La parole et la gloire
La parole a fait son chemin sur les routes de Judée et de Galilée. Arrive l'heure dont parle l'Evangile de ce jour : « Père, l'heure est venue » Arrive l'heure, en effet, des toutes dernières paroles. Il se taira pendant le procès qui va suivre et, sur la croix, son langage ne sera plus qu'un grand cri. Ce dernier reprend sous forme de poème ce que fut cette vie. Le mot « gloire », dans le langage de la Bible, est l'équivalent du mot « poids ». « Gloire », « glorifier » : ces mots reviennent sans cesse comme un refrain, au cours de ces quelques lignes.

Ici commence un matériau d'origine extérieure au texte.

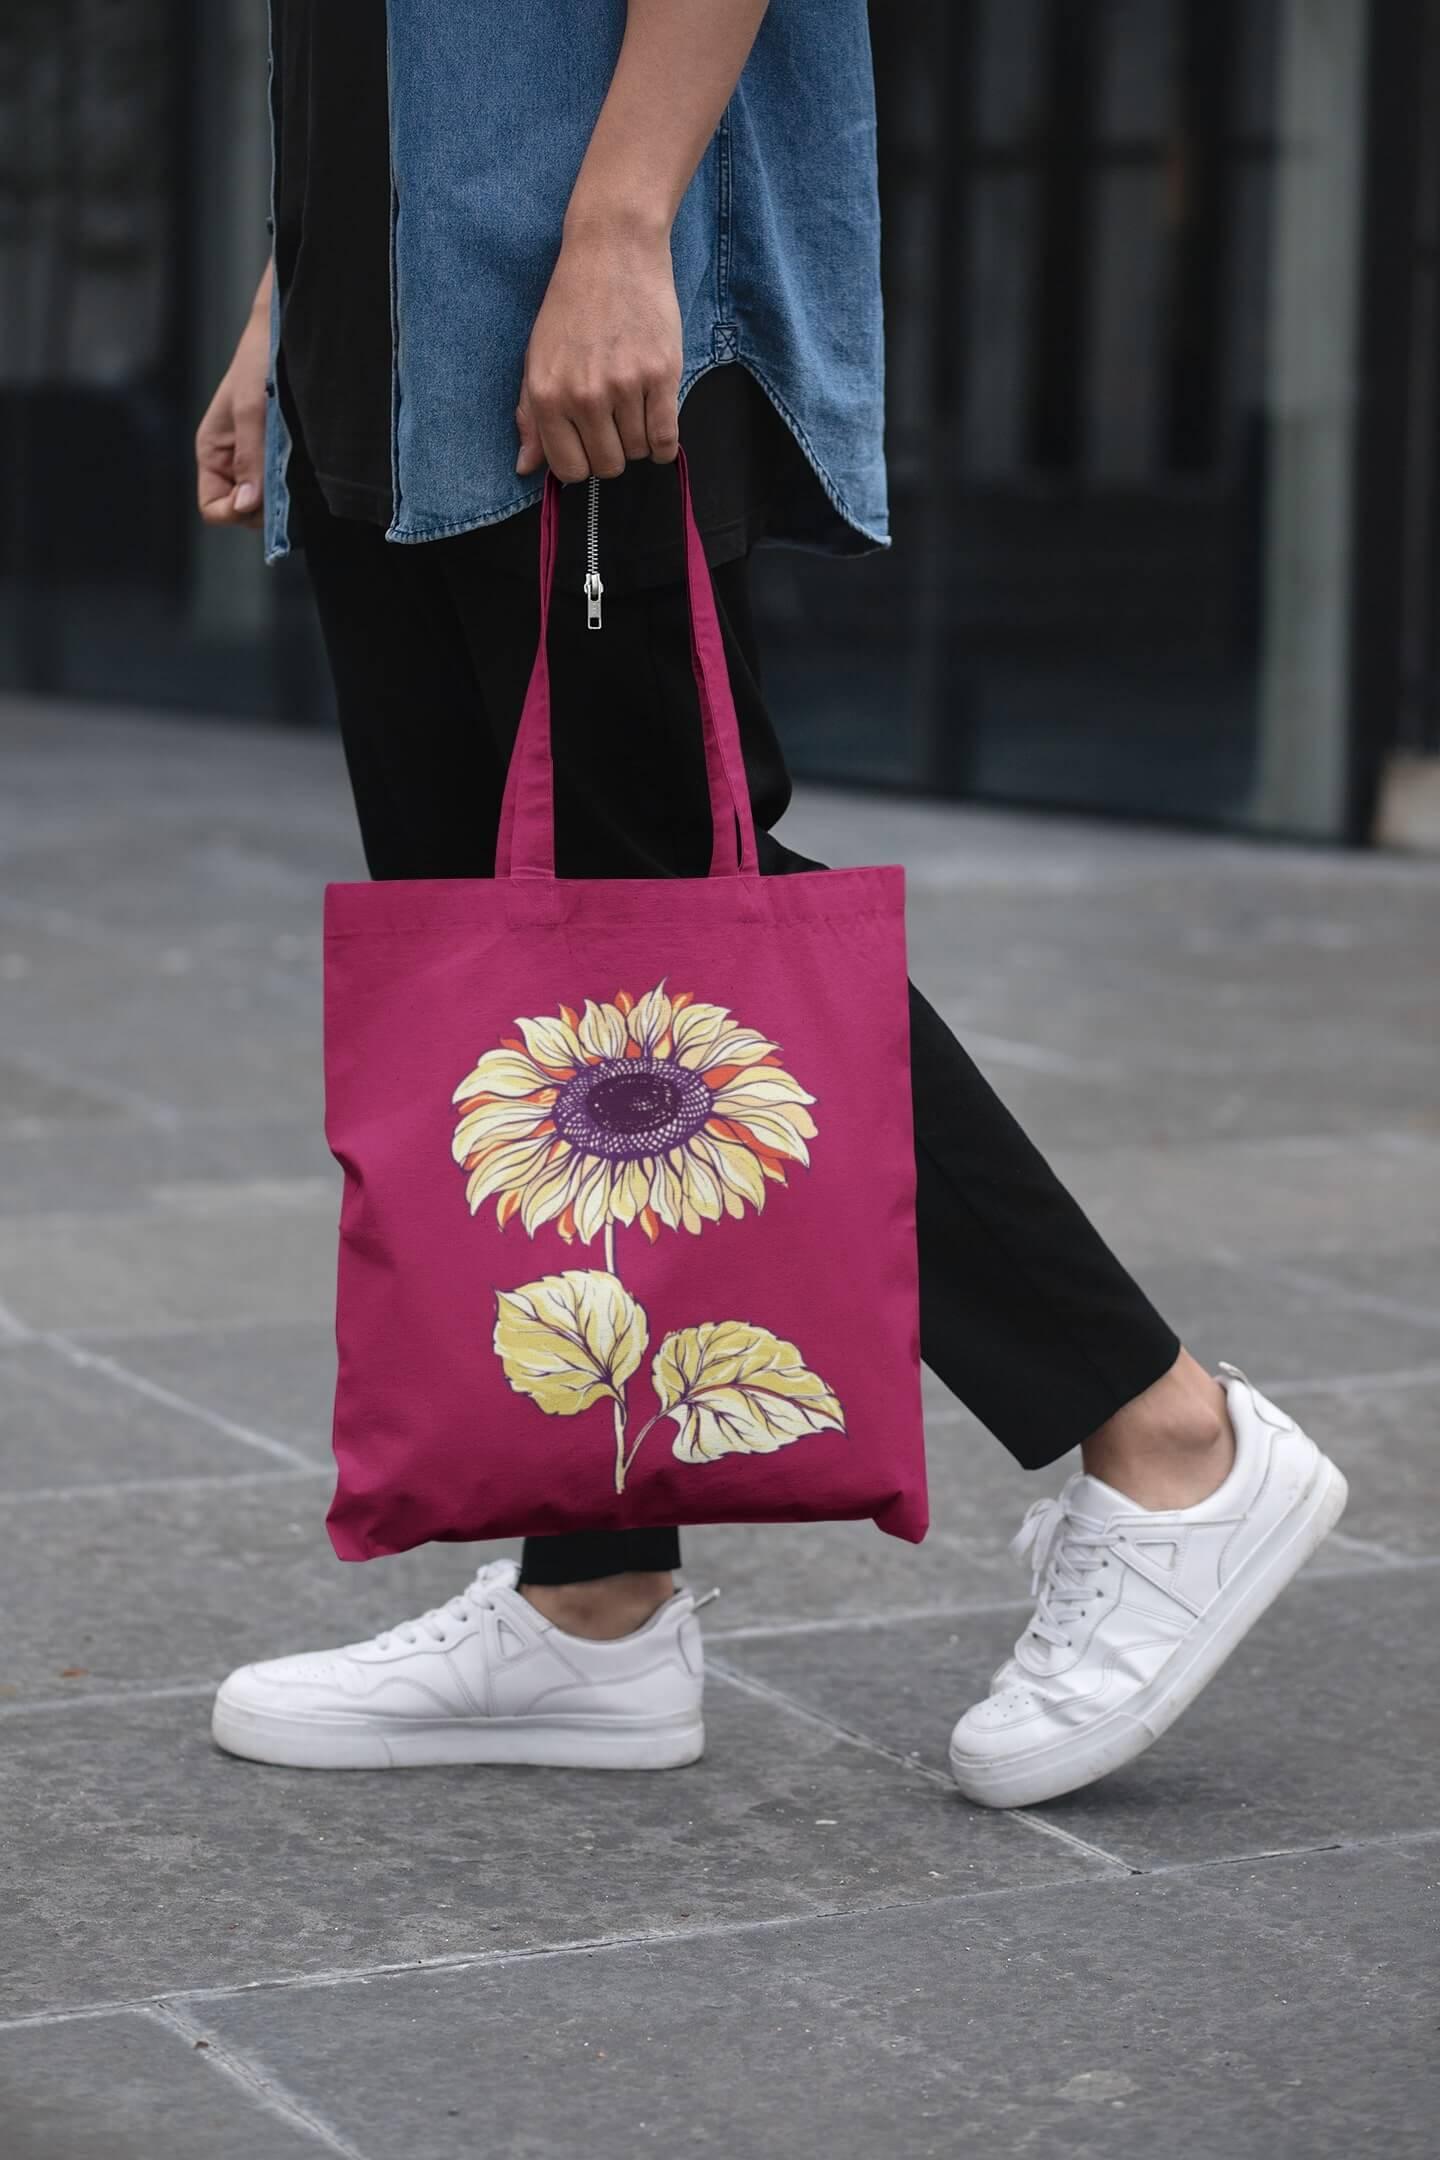 MMO Bavlnená taška Slnečnica Farba tašky: Malinová
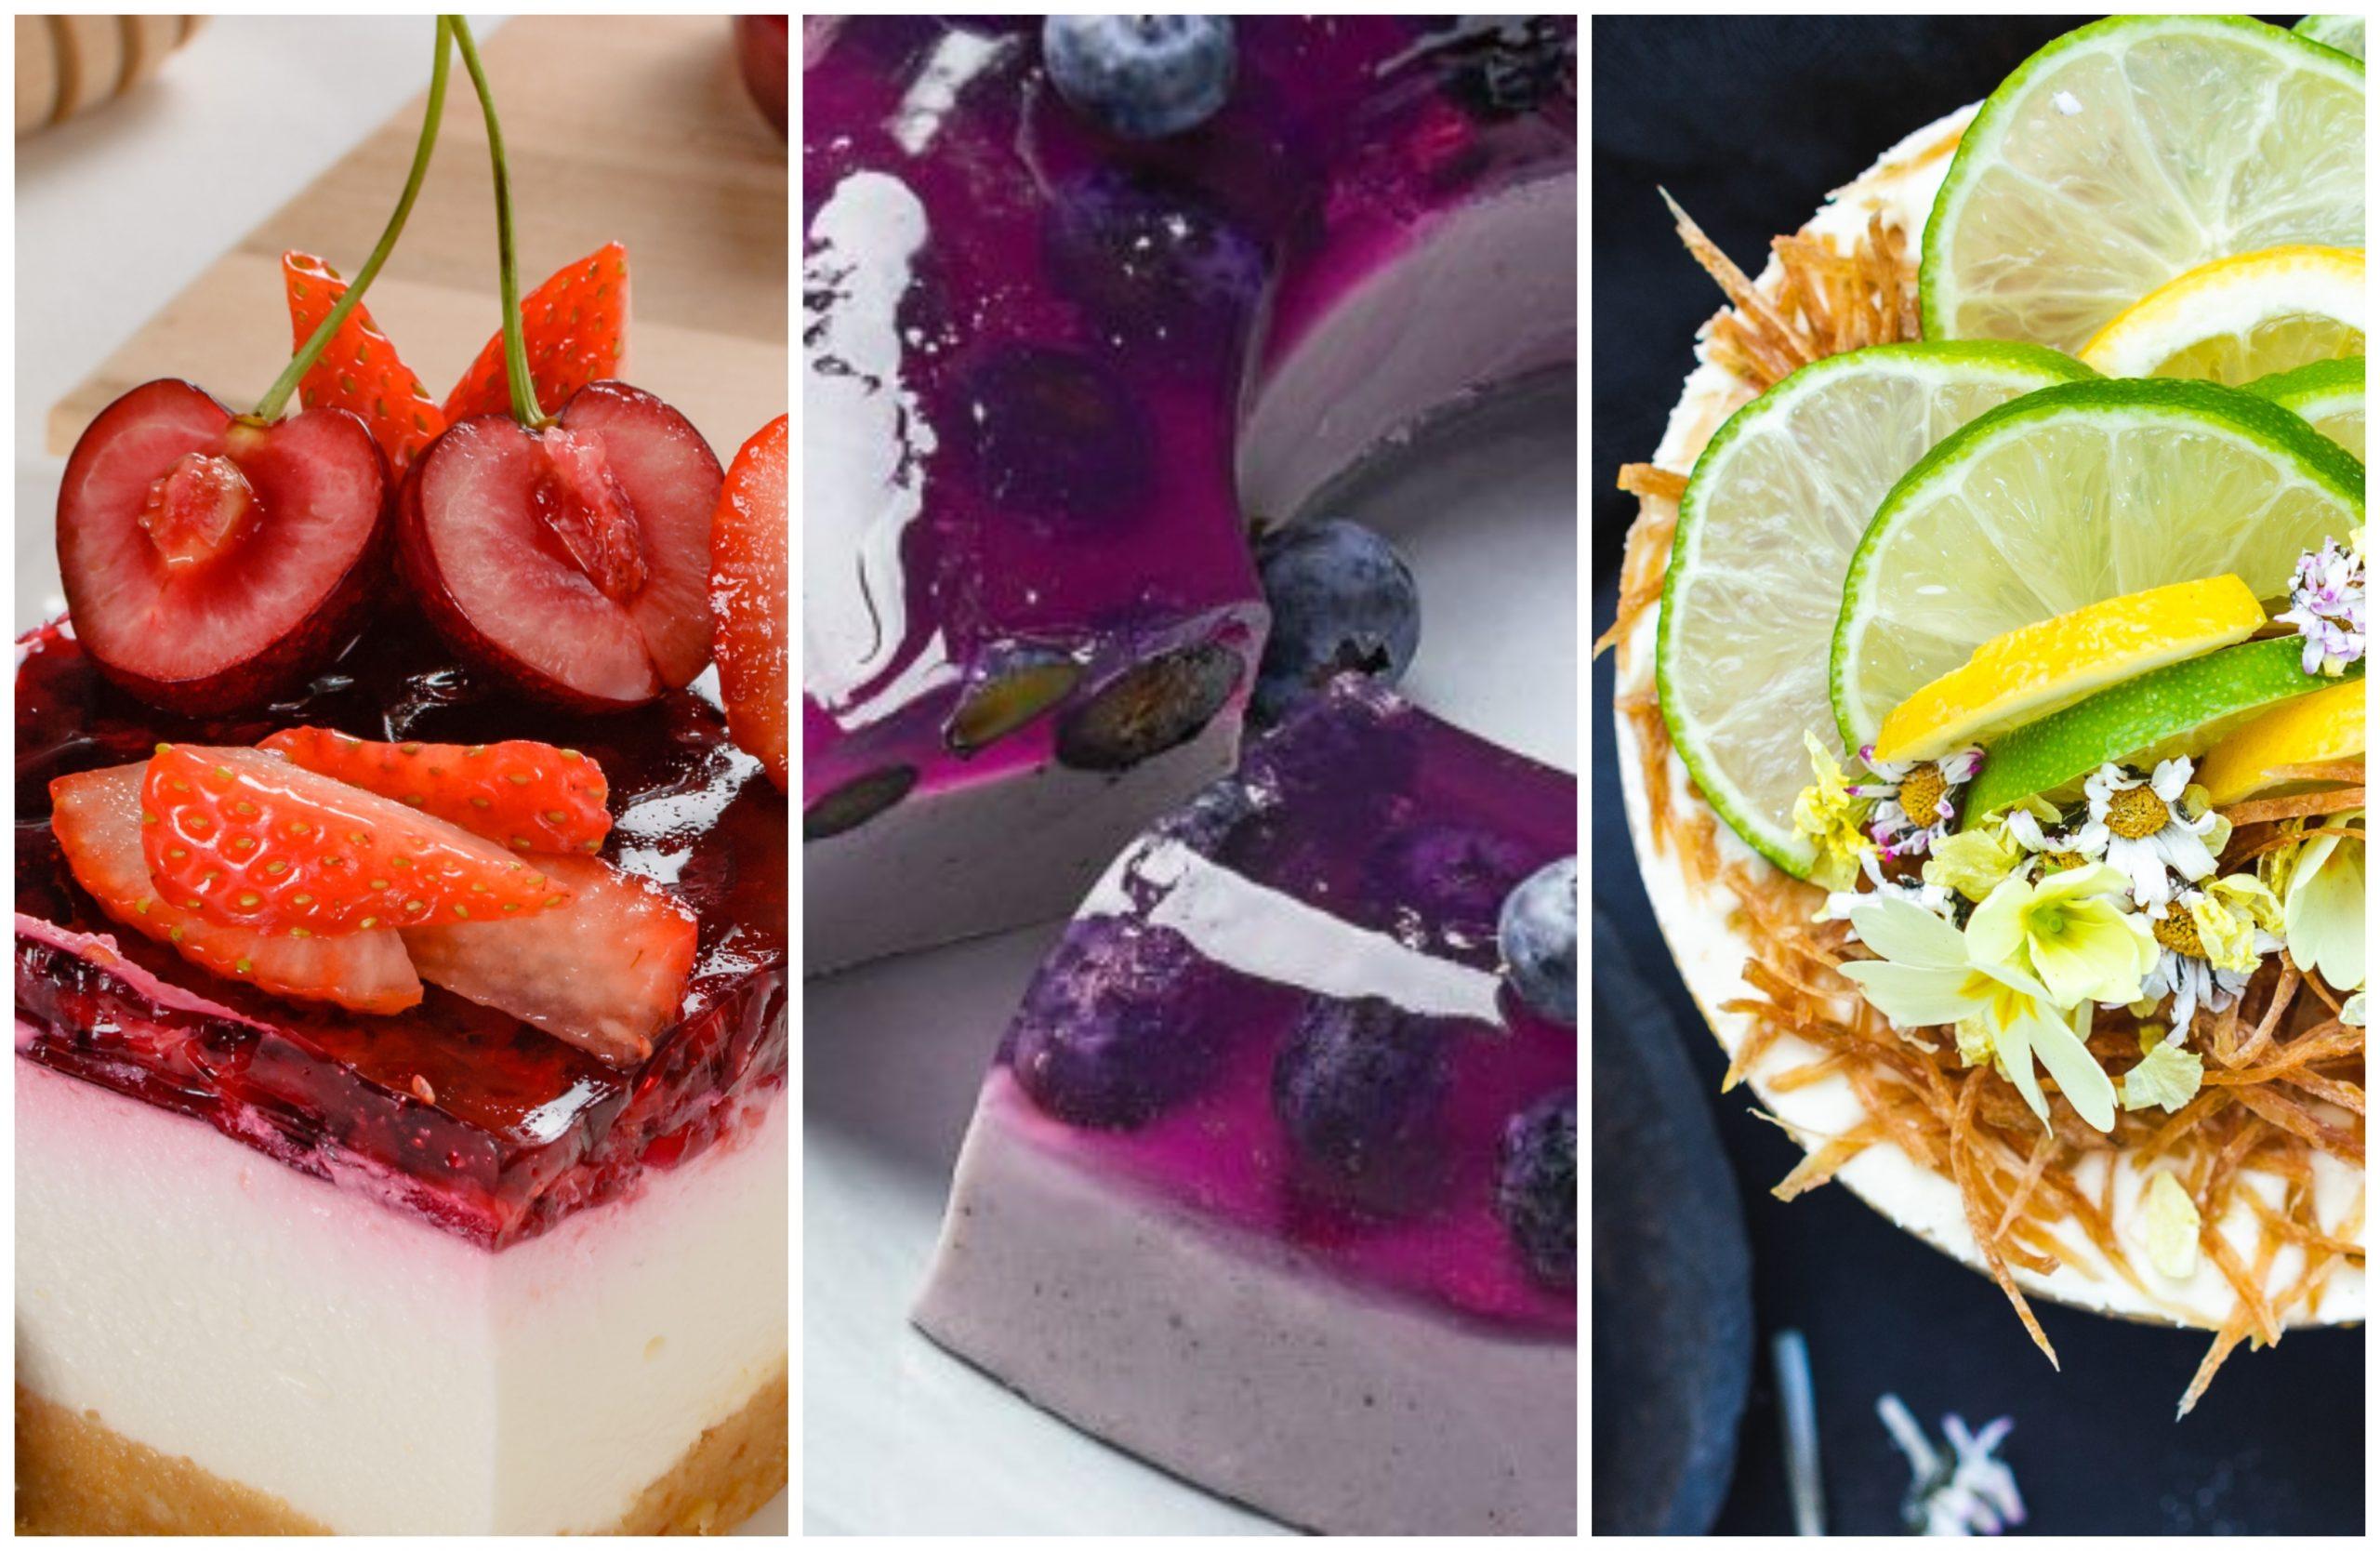 Cuatro recetas de postres con gelatina para compartir en familia

Ils sont l'écho du désir de Jésus. Bientôt, sur la Croix, il sera « vidé » de lui-même comme le dit Paul, et pourtant exalté au-dessus de tout, c'est-à-dire rempli de l'Autre qu'Il appelle « Père », ne tenant que dans le désir que cet Autre a de lui. Au Vendredi, la prière prononcée après le dernier repas est exaucée (« Père,, glorifie ton Fils »). Cette parole lourde du Père est demeurée parmi les hommes. Conjointement à son Père qu'il prie et inséparable de Lui, les mots de Jésus véhiculent l'amour, le souci de cette poignée d'hommes offerts à son regard. S'ils n'étaient pas pris, eux aussi dans son désir, autant que le Père, sa prière n'aurait pas de poids : « je prie pour eux, je trouve ma gloire en eux ». Propos étonnants. ! Le texte débute par une demande au Père (« Glorifie ton fils »); celle-ci trouve sa réponse lorsqu'il regarde ces quelques personnes qui pourtant vont l'abandonner ou le trahir : « Je trouve ma gloire en eux ».

La parole nous est donnée

Et Jésus poursuit : « Je trouve ma gloire en eux. Désormais, je ne suis plus dans le monde ; eux ils sont dans le monde ». Nous voici nous-mêmes, vingt siècles après, dans le même univers que la Parole a rejoint. Nous voici dans le monde et la parole nous est donnée. Elle est donnée à l'Eglise. « Malheur à moi si je n'évangélise », disait St Paul. Le mot Evangile, on l'oublie trop souvent, est une manière de parler pour faire entendre le désir du Père inséparable du désir des hommes. Evangéliser revient à trouver les mots qui répondent aux attentes du monde en même temps qu'aux attentes du Père. Encore faut-il que l'Eglise sache écouter. L'Eglise ne tire pas sa gloire du nombre de ses fidèles mais de son aptitude à comprendre « ce que dit l'Esprit » (Ap. 2,7) à travers les angoisses de nos contemporains, leurs colères, leurs espoirs ». On parle beaucoup de « nouvelle évangélisation » ; si c'est pour redonner à l'Eglise la place qu'elle a tenue parmi les grandes puissances, si c'est pour imposer une morale qui fait souffrir et crée des coupables plus qu'elle ne libère, nous sortons du chemin que la parole a frayé dans l'histoire.

La parole nous est confiée. A nous de la prendre pour ce qu'elle est. Non comme un moyen de nous imposer mais pour écouter ceux qui nous entourent, « ceux que Dieu nous a donnés », pour reprendre les paroles de Jésus afin de pouvoir nous tourner en vérité vers Celui que Jésus appelle Père.